Backups are Useless

November 30th, 2005

At the very bottom of a long list of sobering lessons to be learned in the aftermath of Hurricane Katrina, is one having to do with the security of digital data.

Katrina Lesson #1432: Backups are Useless

I don’t have precise statistics, but I’d venture to say that most people don’t make regular backups. Between the dearth of reliable, easy to use software, and the relative technical naivete of the computer-using public, backups are simply not on the radar in most folks’ lives. So when the unexpected happens, most people are simply left to start over without the benefit of their accumulated data. All those pictures of the kids at Little League, gone. All the ambitious spreadsheet plans that show you might actually afford to own a home, gone. All the email you exchanged with your sweetheart before you had a clue that you’d one day be married, gone.

That’s sad.

But what’s really sad is that the small percentage of people who do make the heroic effort of backing up are kidding themselves if they think they’re much better protected. There are many, many ways a person can lose data. Too many to count, yet the backup strategies typically employed by “plain folks” protect against only two: hard drive failure and careless erasure. In a world where hard drive reliability is at an all time high, and most data sits in the “Trash Can” or “Recycle Bin” for some time before being permanently deleted, these particular dangers may be much less probable than other risks that are obliviously under-addressed.

Are you backing up your important data? Where does your backup live? If your house erupts into flames while you’re out shopping, will the smoke from your backups mingle with the smoke of your originals? The proximity that most backed up data keep with their originals is an extremely risky component of most backup strategies.

Many people have taken to using redundant hard drives as their main backup strategy. One problem with this solution is that your data, which is probably by itself unattractive to a thief, suddenly has implicit street value. If a burglar enters your house and, God forbid, steals your computer with all of your original data on it, will they also be stealing your backup? If you’re using a redundant internal drive, you’ve just lost both in one fell swoop. If you’re using an external drive, you may not be much luckier. A glimmering FireWire enclosure screams “take me” much louder than a stack of anonymous DVD discs in a filing cabinet. Your family photos may be protected from mold and oxidation in their digital format, but the chances of a thief stealing your dusty old photo album are about a billion times lower than their walking away with your shiny new iPod.

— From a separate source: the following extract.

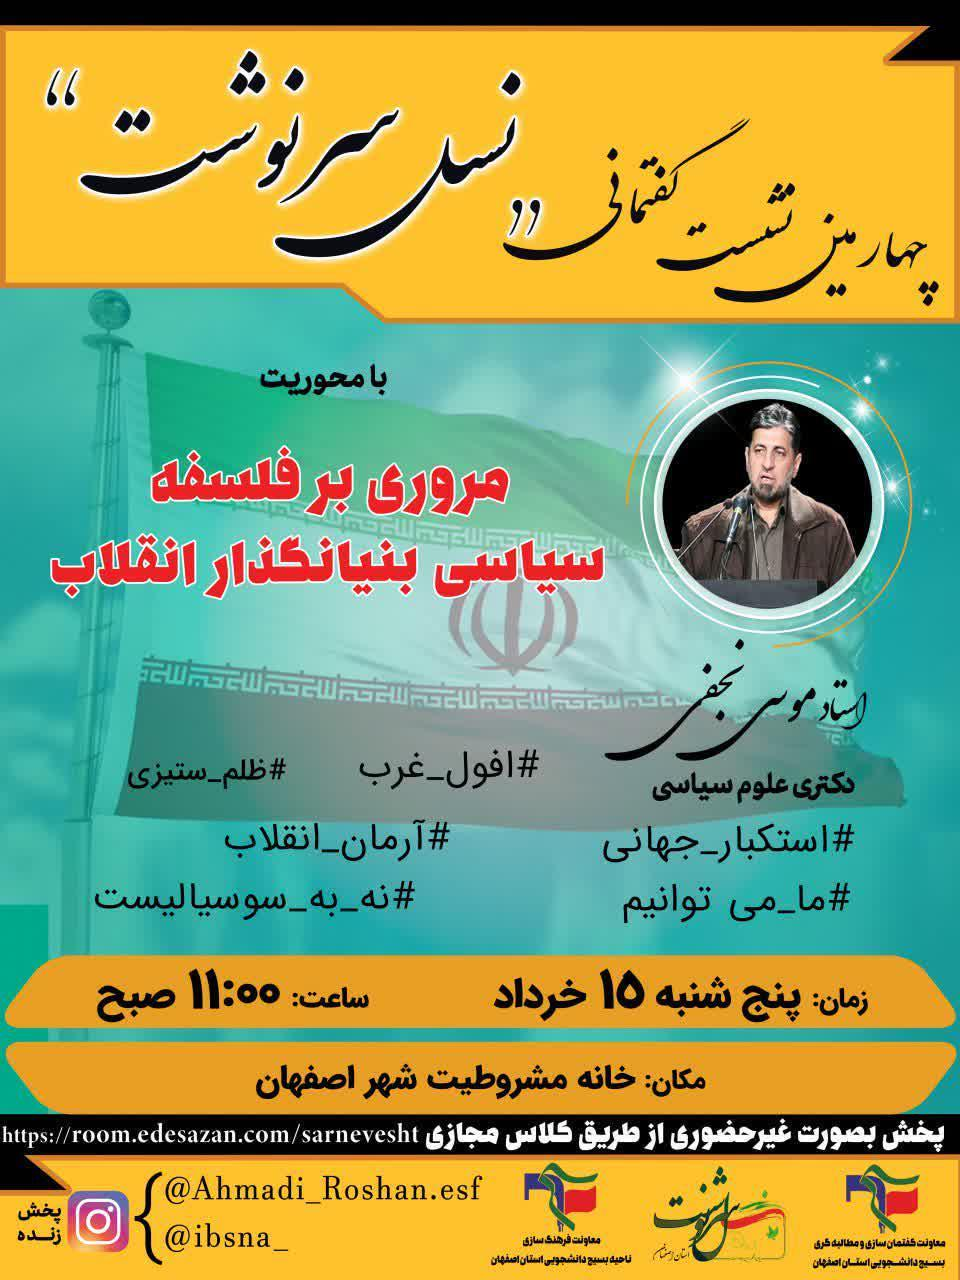 پنجشنبه ۷ صبح لطفا//// نشست گفتمانی با موضوع مروری بر فلسفه سیاسی امام خمینی (ره) برگزار میشود

Another risk of the “redundant hard drive” strategy is that, at any given time, both your backup and originals are hooked up to an extremely powerful, unpredictable power source that could cause havoc at any moment. Surge protectors assuage some of the fear, but my completely unscientific and paranoid assessment is that “there are still no guarantees.” The problem is, whatever your computer is plugged into, your backup is probably plugged into the same thing. This means that when the freak bolt of lightening crawls up through the wires and obliterates your computer, your backup hard drive has just melted as well.

Depressing. Isn’t it? Backups are useless!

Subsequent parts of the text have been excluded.